Physical characteristics of ecstasy tablets seized in Indonesia are very diverse oftentimes. It indicates that they may come from different sources with different chemical profiles, or even from one source/clandestine laboratory that using various punches and dyes to produce tablets in many physical appearances yet having similar chemical profiles [4]. Profiles of ecstasy tablets can be determined through drug profiling methodology which covers physical and chemical characterization [7].

Physical characterization consists of visual observation of the shapes, colors, logos, the packaging (if available) and measurement of the dimension of tablets. Chemical characterization is performed by analytical instrument to identify the impurities such as starting materials, intermediates and manufacturing by-products. By knowing the chemical profiles of tablet analyzed, the synthetic route and the precursor/starting material used in the manufacturing process can be determined. In the final investigation, both physical and chemical characterizations can determine link between seizures that will be very useful for intelligence purpose.

MDMA can be manufactured by four primary precursor chemicals: Safrole, isosafrole, piperonal and 3,4- methylenedioxyphenyl-2-propanone (3,4-MDP2P) [8,9]. Illicit production of MDMA often begins with safrole that undergo Wacker-Tsuji oxidation using PdCl2 yields the intermediate 3,4- MDP2P, and followed by reductive amination of 3,4-MDP2P to produce the final product of MDMA [10]. Moreover, reductive amination was reported as the most common synthetic route in manufacturing MDMA in Europe, with variation in the reduction process (e.g. Al/Hg, NaBH₃CN, NaBH₄ as reducing agent) [11].

Several papers have been described by-product impurities based on the synthetic routes [7,12]. In the present study, we gather information derived from visual inspection and chemical investigation of the Pink Versace ecstasy tablets submitted to our laboratory in July 2022, to link between the physical characteristic, synthetic production method and the potential precursor used. Characterization of ecstasy tablets was performed by Infrared (IR) spectroscopy and UV absorption analysis.

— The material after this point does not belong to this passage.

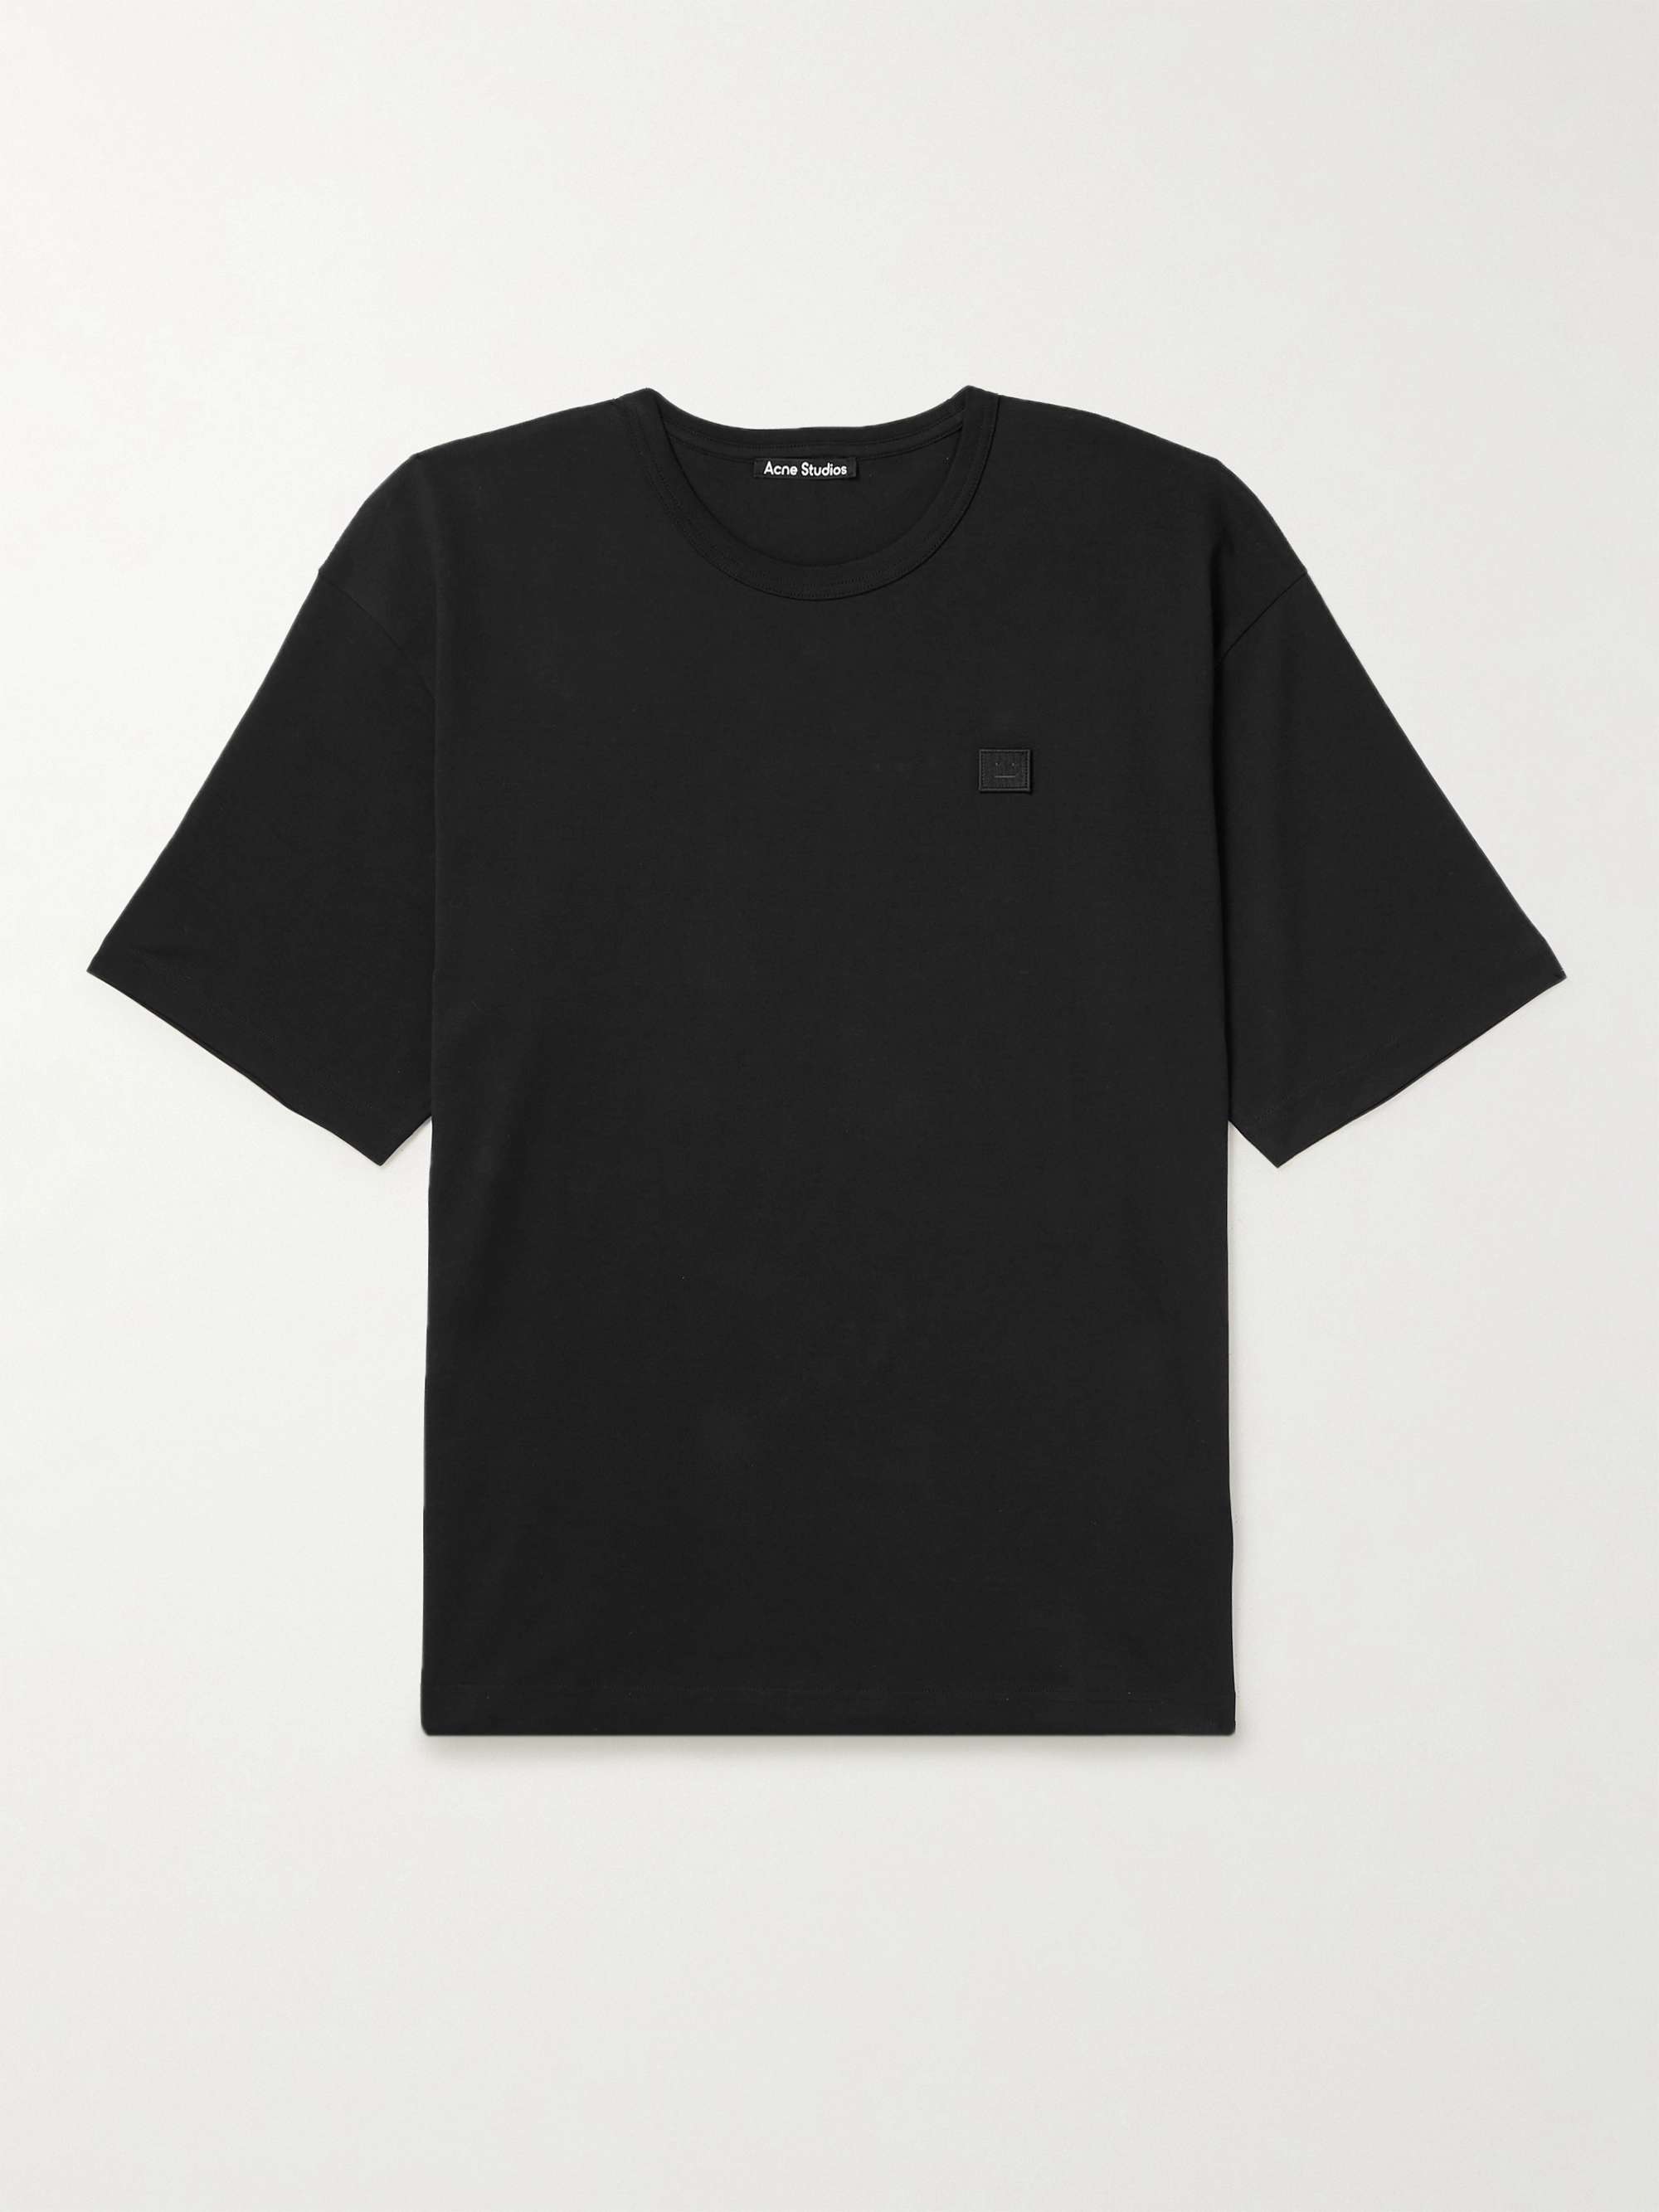 ACNE STUDIOS Exford Logo-Appliquéd Cotton-Jersey T-Shirt for Men | MR ...

Analytical methods using Gas Chromatography-Mass Spectrometry (GC-MS) were applied for impurities identification. Furthermore, we investigated MDMA content in ecstasy tablets using Gas-Chromatography-Flame Ionization Detector (GC-FID). The data derived from this study are supposed to enrich profiles of ecstasy tablets and could hopefully be used for precursor monitoring.

Materials and Methods

Materials

Diethylether (for analysis), n-heptane (for Liquid chromatography), methanol (hypergrade for LC-MS), Ammonia solution 25% (for analysis), Nitric acid 65% (for analysis), Sodium hydroxide pellets (for analysis), Sodium carbonate anhydrous (for analysis), Silver nitrate (for analysis). Those chemicals were purchased from Merck, Germany. Sodium bicarbonate was provided sigma-aldrich, USA. High purity water (18.2M ohm) was treated by Arium^® water purification system (Sartorius, Germany).

Samples

The ecstasy tablets were seized by national narcotics board of south sumatera province (n=2000 Pink Versace tablets). Ten tablets have been submitted to center of narcotics laboratory for drug profiling purpose. Investigated tablets were initially directed to the physical characterization including shape, color (solid/mottled), logo, coating, imprint description, dimension and weight (Figure 1).

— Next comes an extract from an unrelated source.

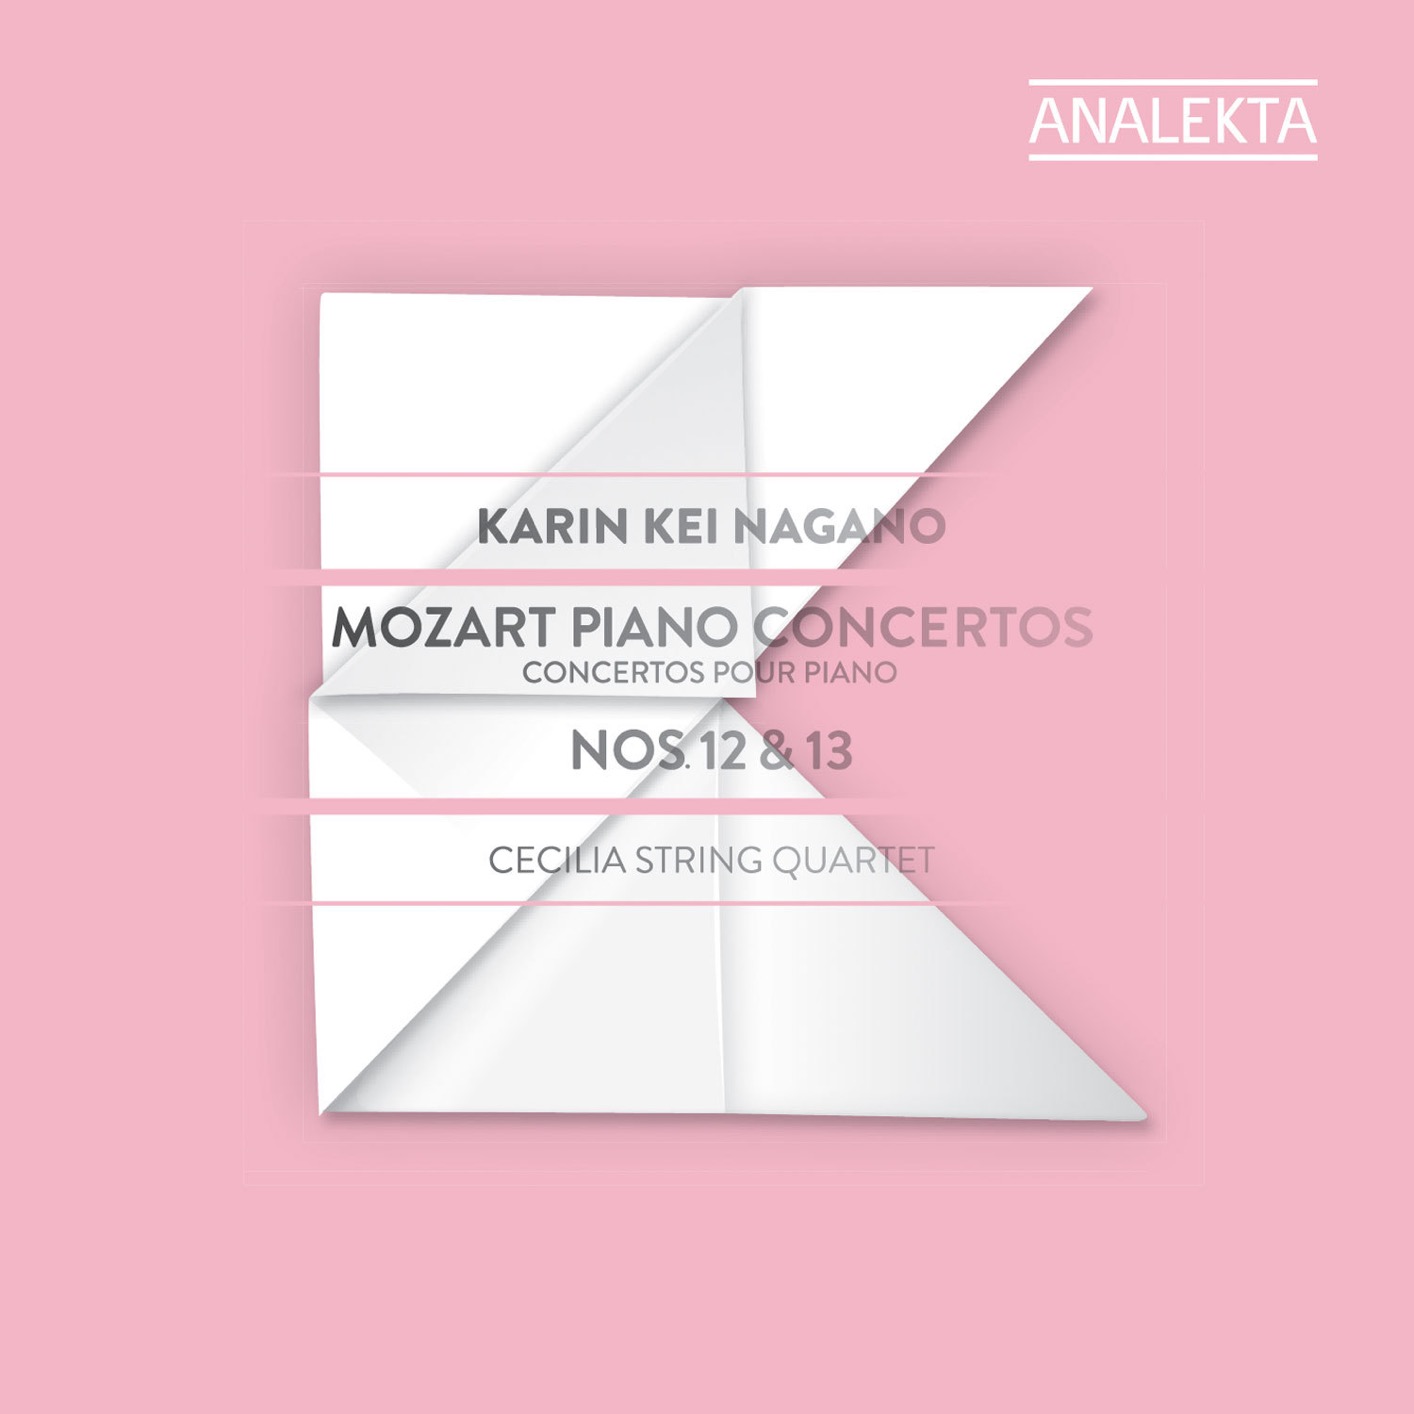 Karin Kei Nagano - Mozart: Piano Concertos Nos. 12 & 13 (2014/2019) [FLAC 24bit/192kHz]

Figure 1: Pink Versace tablets.

Sample preparation

Chemical profiles analysis

UV absorption analysis: To analyze the UV absorption of the sample, MDMA standard and sample concentration of 1000 μg/ml and 2000 μg/ml in methanol, respectively, were prepared. Another sample preparation through the extraction method under pH 12.80 as reported by [13] was performed as comparison. 97.2 μl of each solution was sprayed on the TLC activated plates. Toluene: Acetone: Diethylamine (85:10:5 v/v/v) was used as developing solvent [14]. Chamber was saturated for about 30 minutes at ambient temperature before the migration. Plates were dried at room temperature for 5 minutes after the migration, and then dried at oven 70⁰C for another 5 minutes to remove diethylamine. Spots of MDMA were detected under UV light at a wavelength of 200 nm-400 nm.

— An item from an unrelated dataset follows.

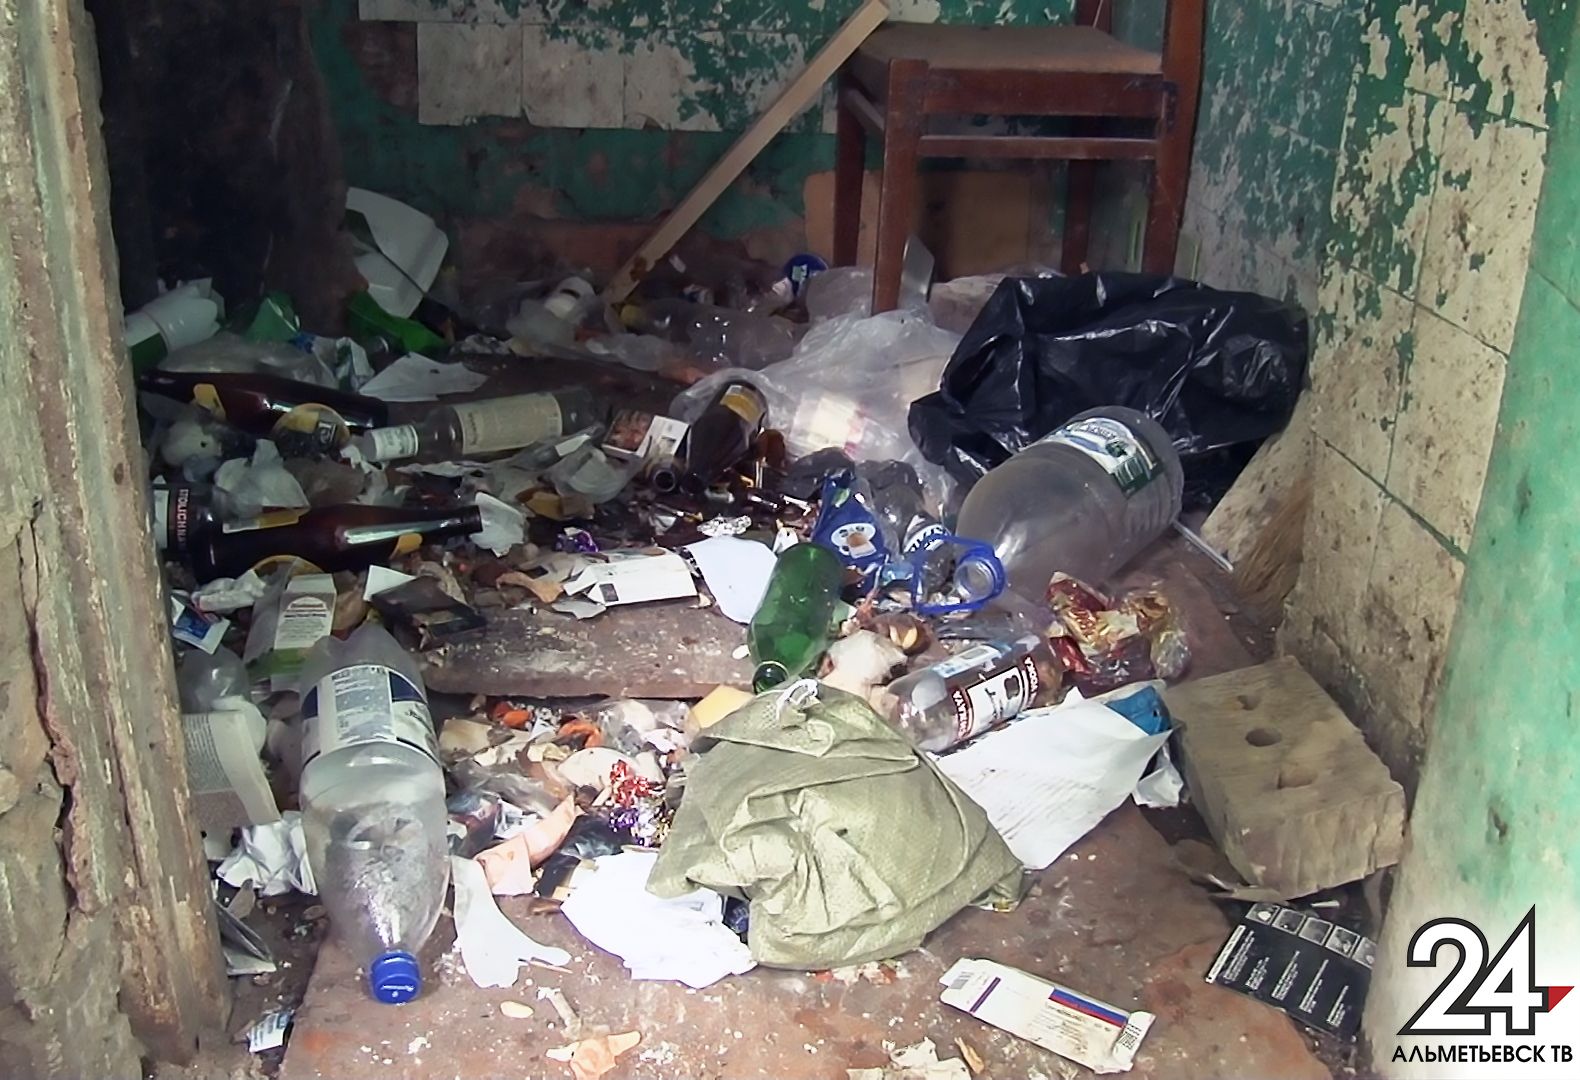 Жители одной из девятиэтажек в Альметьевске пожаловались, что их дом утопает в мусоре

IR measurement: A small amount of the homogeneous powdered samples and standard were directly put on the diamond crystal without pretreatment. Before each measurement, a background check was applied to subtract any undesirable residual peaks such as atmospheric water vapor and carbon dioxide from the sample spectrum. After each measurement, the crystal was cleaned using a soft tissue moistened with ethanol and allowed to dry in room temperature.

Organic impurity analysis: Sample was extracted using diethyl ether and n-heptane as publication of [13] and [7], respectively.

Investigated tablets were ground into powder. An amount of sample equivalent to 10 mg of pure MDMA.HCl was weighed and dissolved in 3 ml of high purity water. 1M sodium hydroxide was added to the solution gradually to make a pH 12.80. The basic solution was shaken for 10 minutes at 220 rpm (Orbital laboratory shaker OL30, Ovan, Spain), following by the addition of 3 ml of diethyl ether, shaken for another 20 minutes and then centrifuged at 3000 rpm 5 minutes. Organic layer was collected and evaporated under minimum flow rate of dry air of nitrogen. Dried residue was reconstituted in 500 μl diethyl ether. After being homogenized, the extracts were filtered using PTFE filter and transferred to the glass insert within the vial.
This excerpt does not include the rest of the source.